**** RECORDED DATA ****

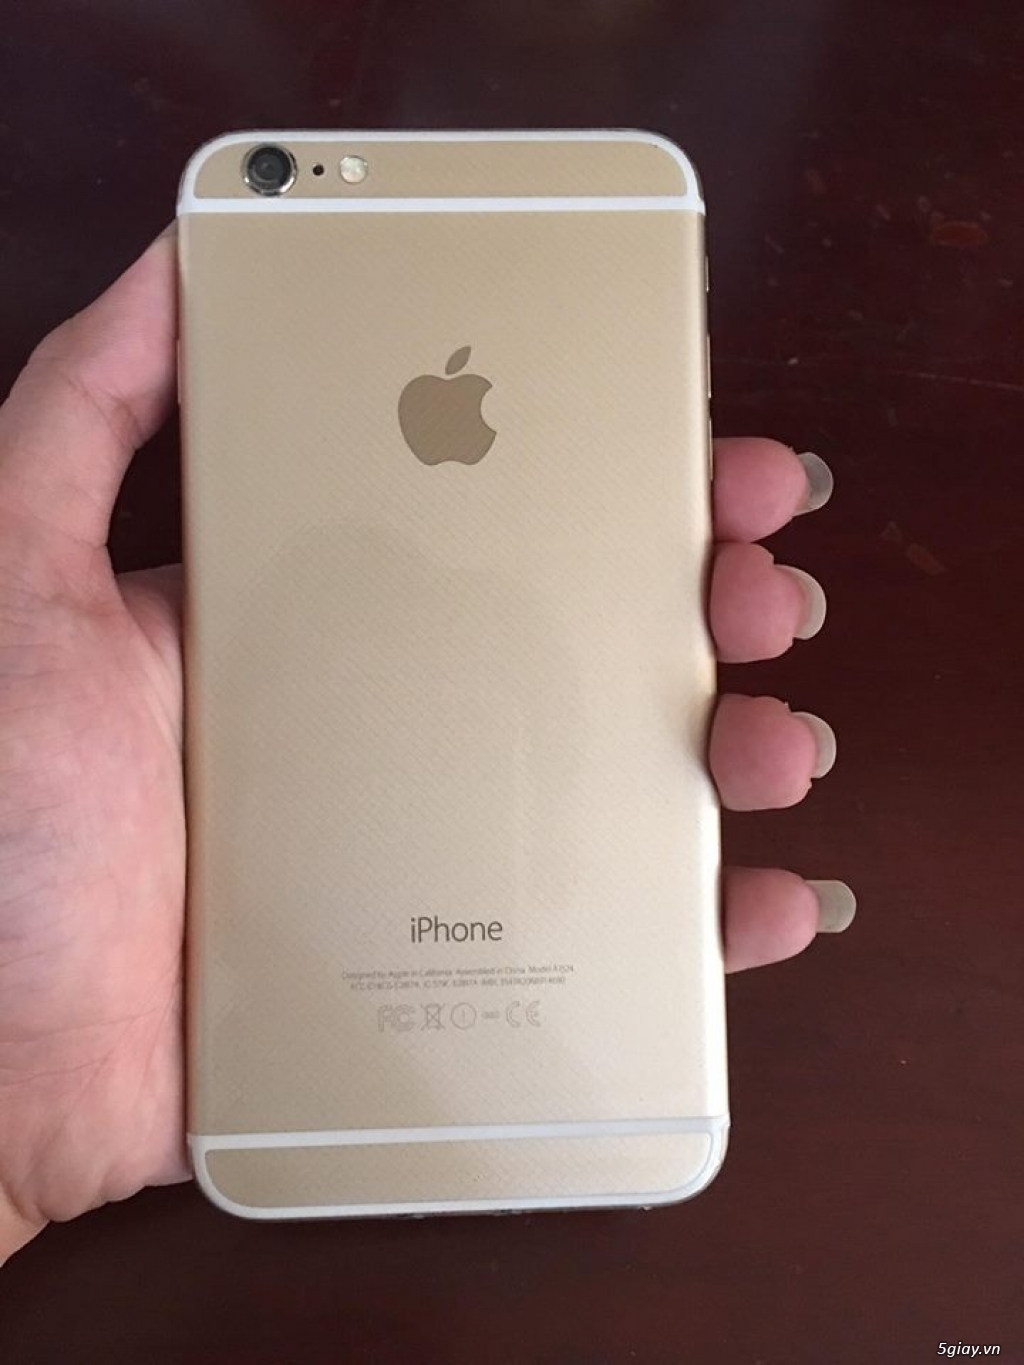 Iphone 6 plus Gold hàng Mỹ máy zin like new 99% (full phụ kiện)
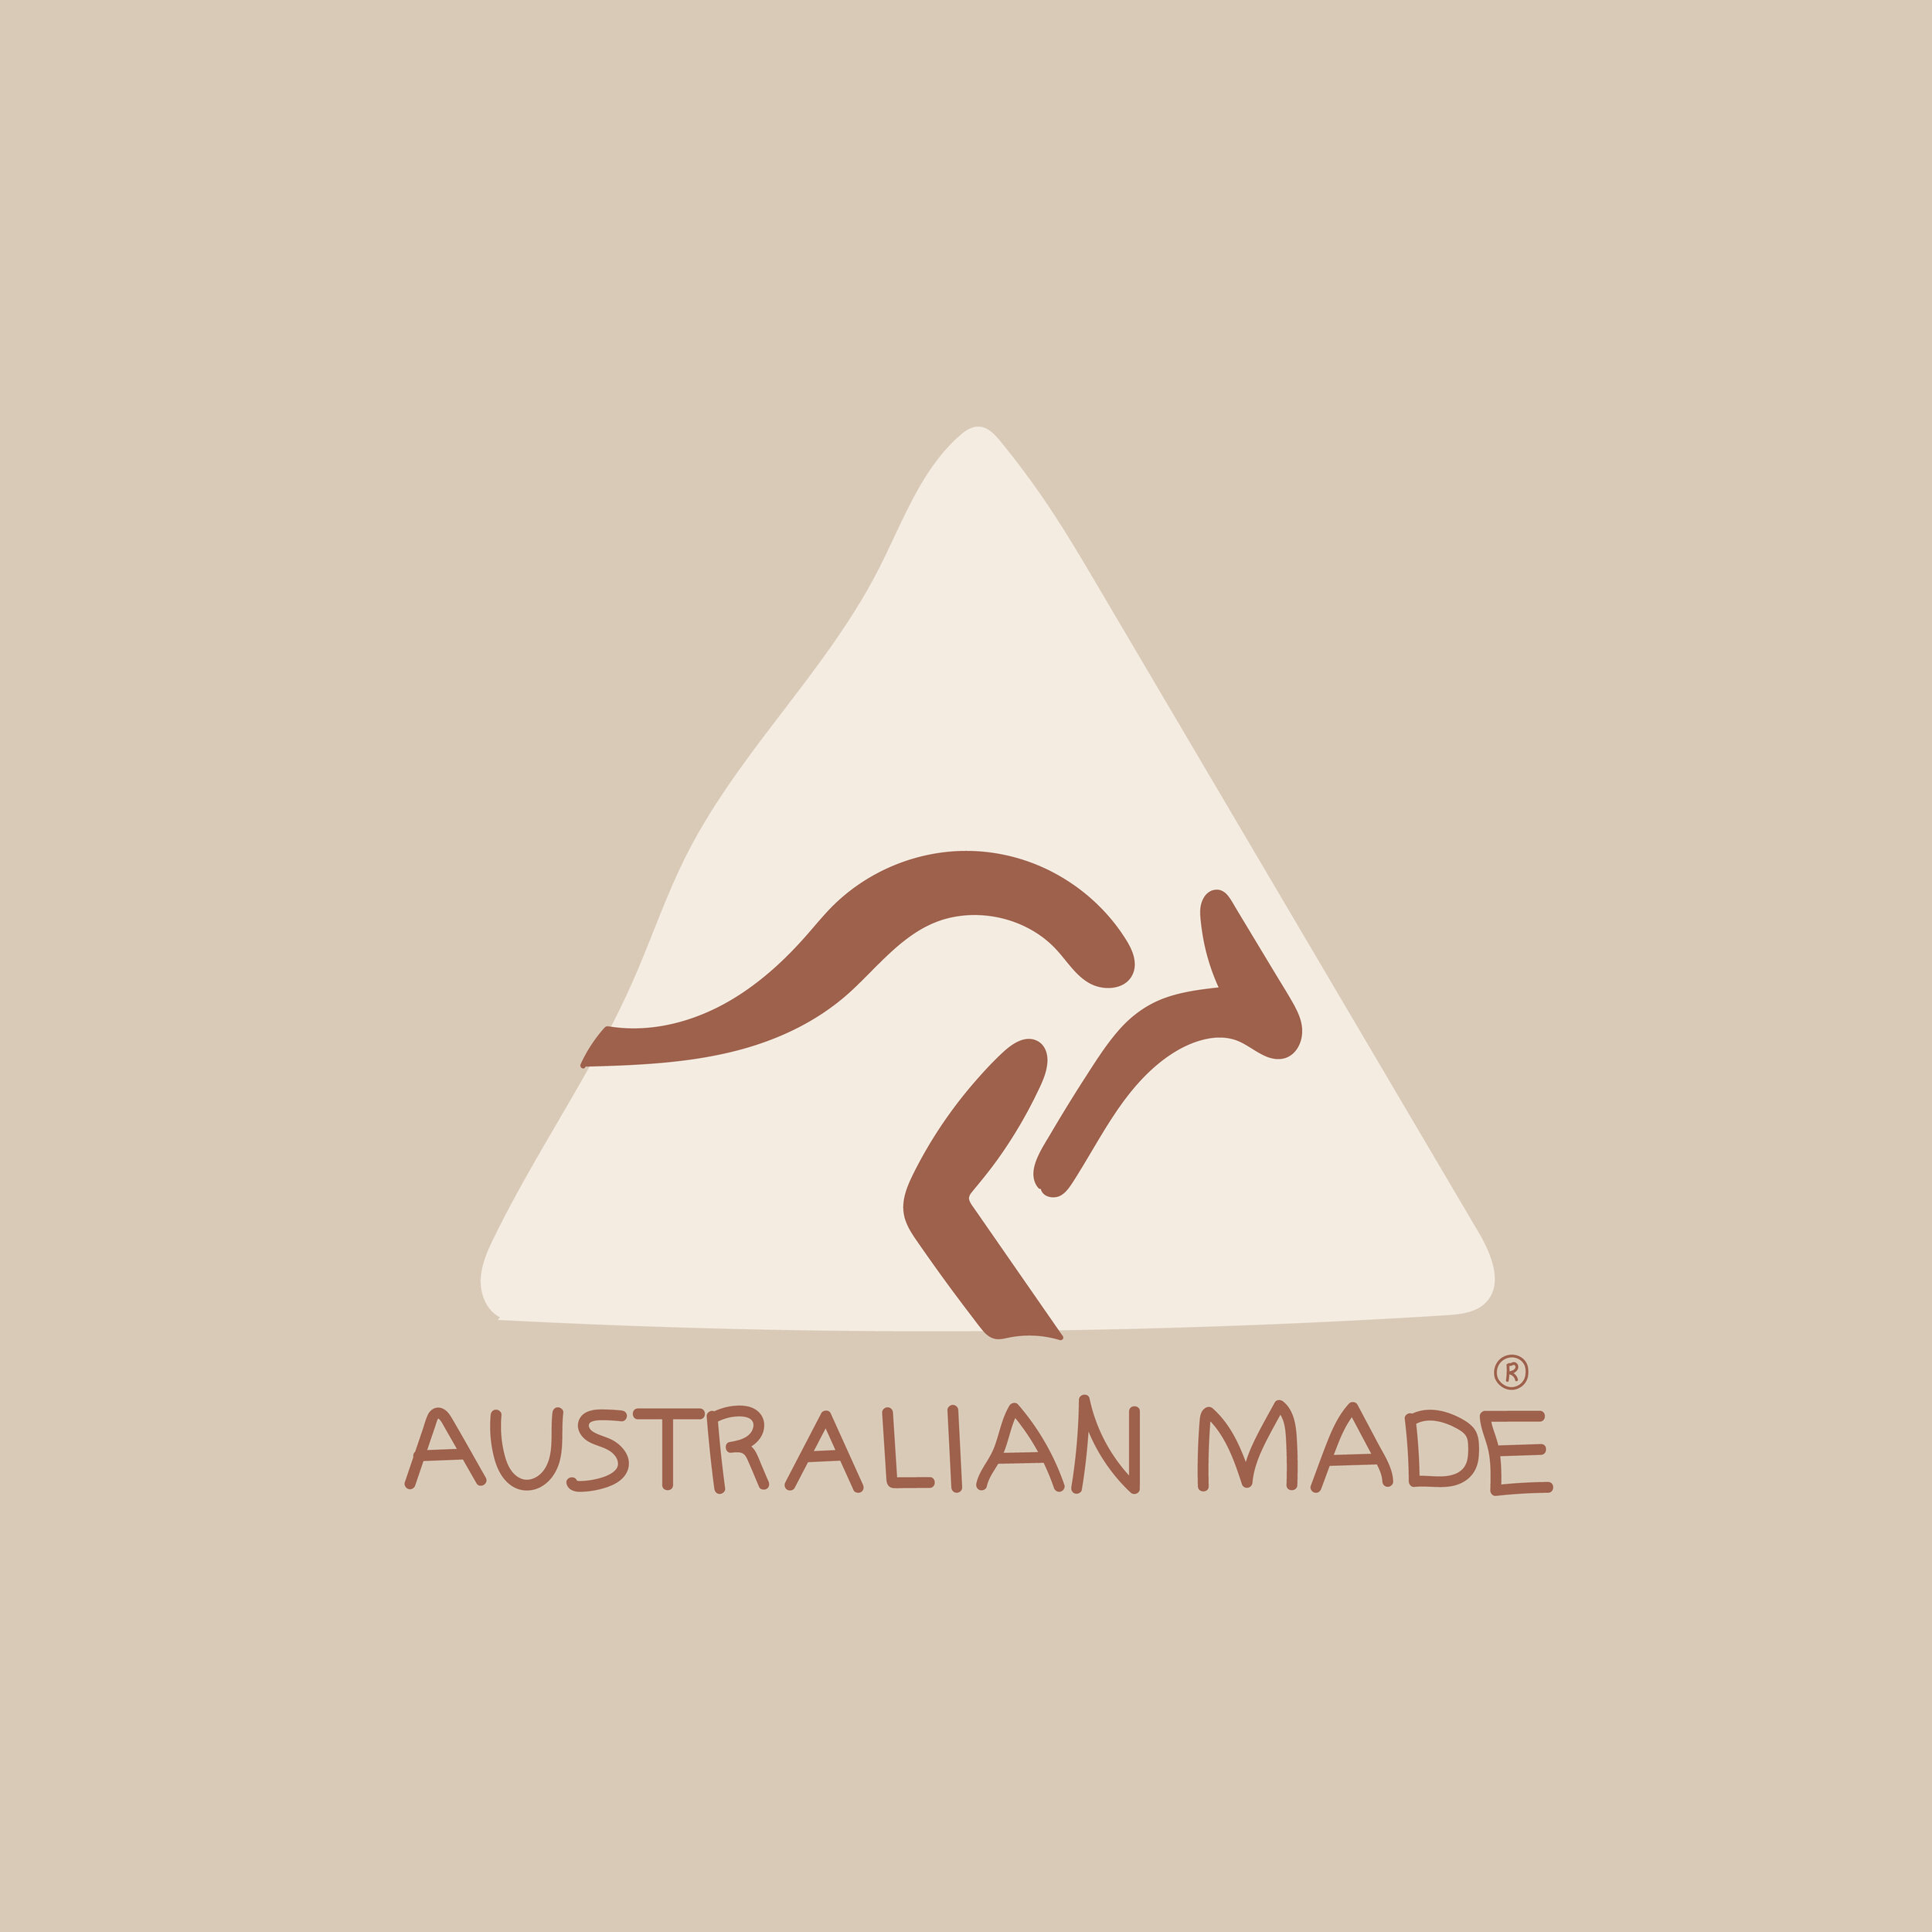 Australian-Made-01.jpg
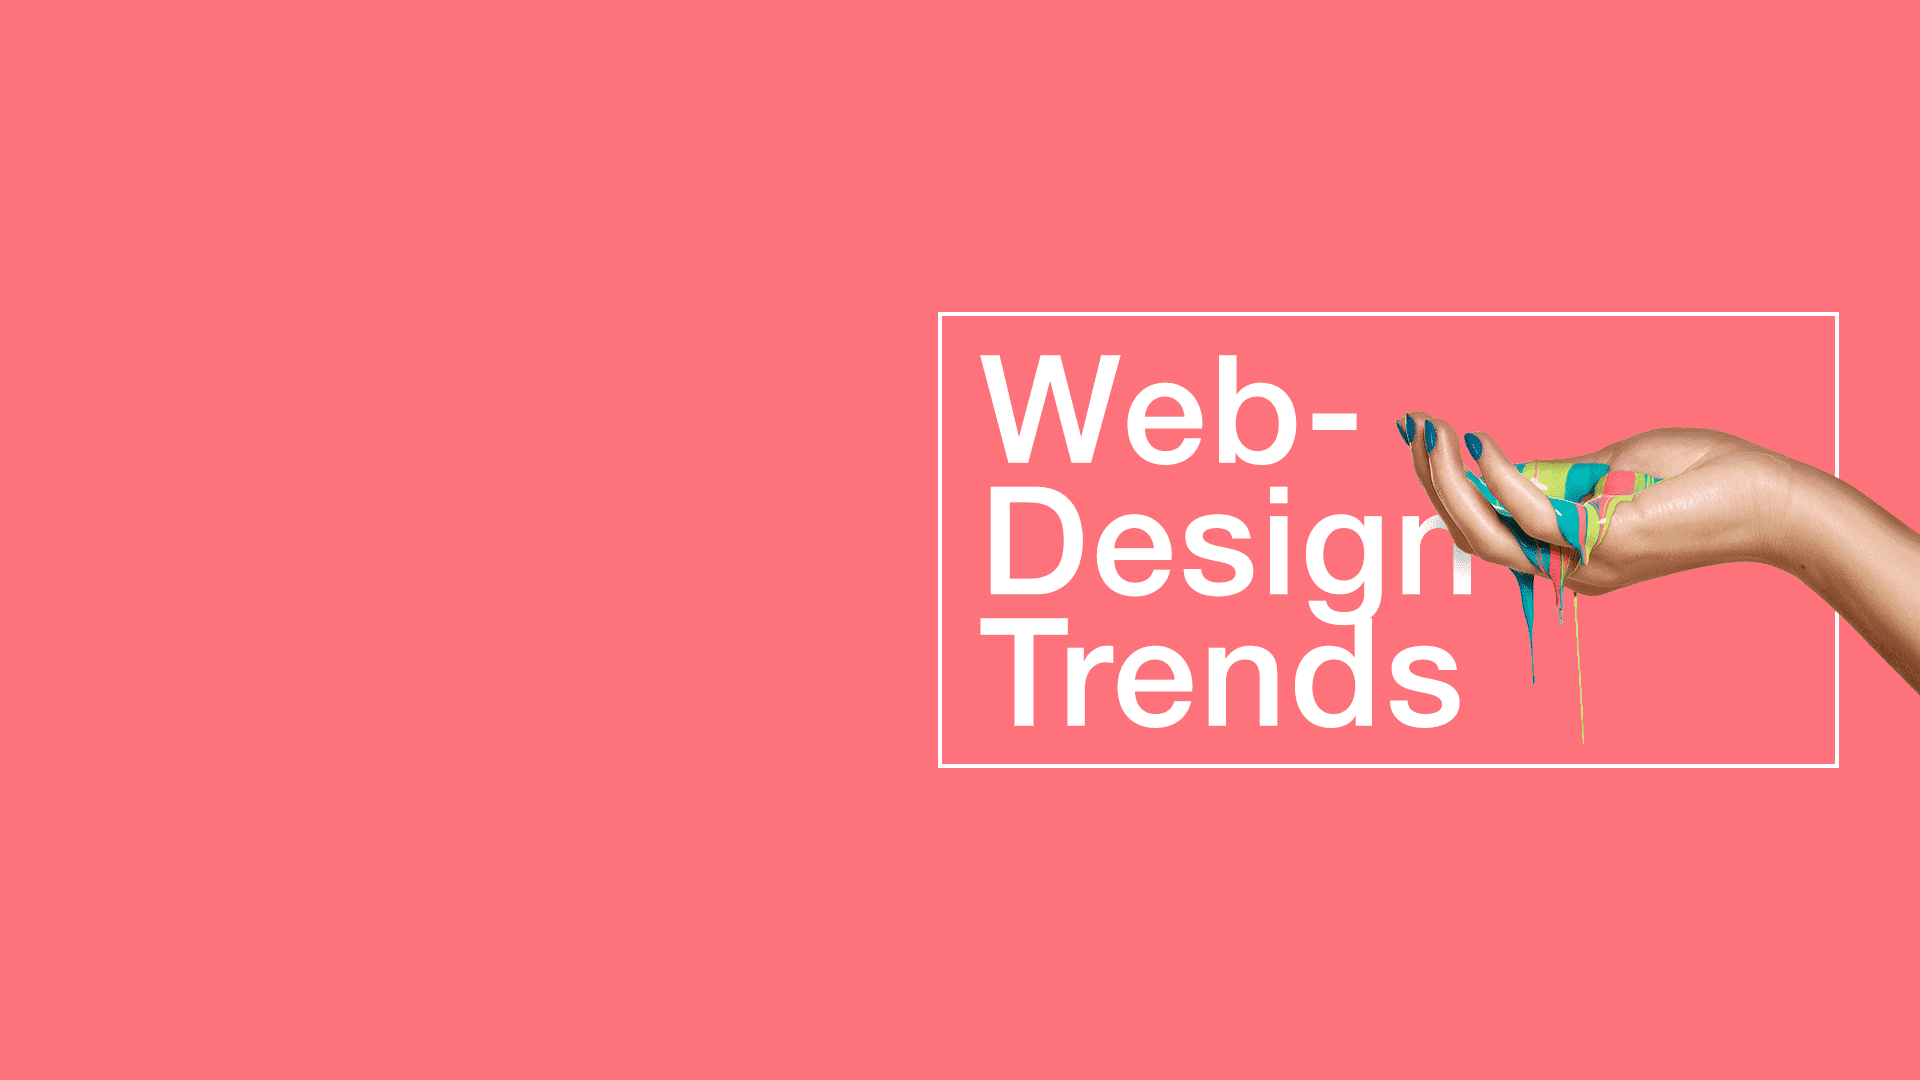 Последние тренды веб-дизайна в блоге студии интернет-решений GuruLabs

****

*ACTION ITEM*: Exactly repeat the data above; the pictures do not belong in your copy.

*OUTPUT FOR THIS TASK*:
 Iphone 6 plus Gold hàng Mỹ máy zin like new 99% (full phụ kiện)
 Australian-Made-01.jpg
 Последние тренды веб-дизайна в блоге студии интернет-решений GuruLabs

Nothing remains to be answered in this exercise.